POLITIK
Surya Paloh: NasDem Hormati Putusan MKD Soal Penonaktifan Sahroni dan Nafa Urbach
AKTUALITAS.ID – Ketua Umum Partai NasDem Surya Paloh menegaskan pihaknya menghormati keputusan Mahkamah Kehormatan Dewan (MKD) DPR RI yang menjatuhkan sanksi penonaktifan terhadap dua kadernya, Ahmad Sahroni dan Nafa Urbach.
Diketahui, MKD menjatuhkan sanksi penonaktifan selama enam bulan kepada Sahroni dan tiga bulan kepada Nafa Urbach setelah keduanya dinilai melanggar kode etik anggota dewan.
“Itu mekanisme DPR yang harus kita hormati. Partai sudah memberikan nonaktif, MKD melaksanakan prosesnya sebagaimana mekanisme yang ada di dewan, saya pikir itu juga kita hormati,” kata Surya Paloh dalam keterangannya, Minggu (9/11/2025).
Paloh menegaskan hingga kini Partai NasDem belum memutuskan melakukan pergantian antarwaktu (PAW) terhadap kedua anggota DPR tersebut. Menurutnya, partai memilih menunggu dan menghormati proses etik yang sedang berjalan di DPR.
“Sampai saat ini belum (melakukan PAW). Maksudnya memang kita menghormati ya semua proses itu,” ujarnya.
Sebelumnya, MKD DPR RI memutuskan Ahmad Sahroni bersalah dan melanggar kode etik setelah menilai pernyataannya yang merespons kritik publik soal pembubaran DPR dinilai tidak bijak.
“Bahwa telah mencermati pernyataan teradu lima Ahmad Sahroni yang dipersoalkan para pengadu, mahkamah berpendapat pernyataan tersebut tidak bijak,” ujar Wakil Ketua MKD DPR RI Imron Amin saat sidang etik di Kompleks Parlemen, Senayan, Jakarta, Rabu (5/11/2025).

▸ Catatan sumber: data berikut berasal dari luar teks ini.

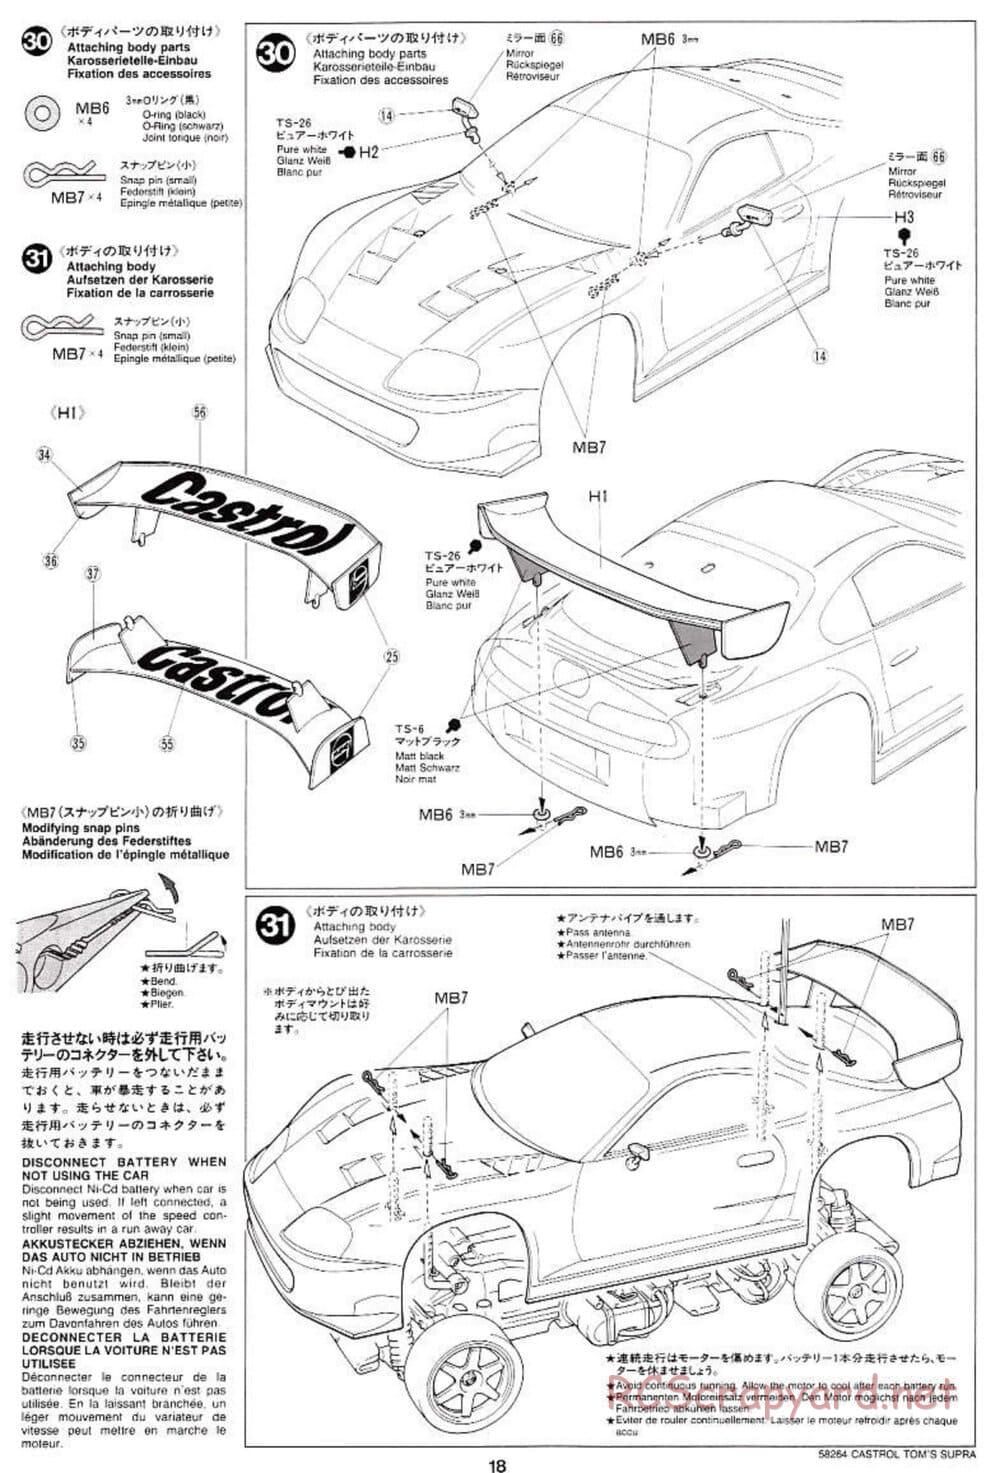 Tamiya - Castrol Tom's Supra 2000 - TL-01 Chassis - Manual - Page 18

Imron menegaskan, sebagai pejabat publik, Sahroni seharusnya lebih berhati-hati dalam memilih diksi dan menyampaikan pernyataan.
“Seharusnya teradu menanggapi dengan pemilihan kalimat yang pantas dan bijaksana, tidak menggunakan kata-kata yang tidak pas,” kata Imron.
Namun, MKD juga mempertimbangkan insiden penjarahan rumah Sahroni oleh massa akibat berita bohong yang beredar, sebagai hal yang meringankan dalam proses penjatuhan sanksi.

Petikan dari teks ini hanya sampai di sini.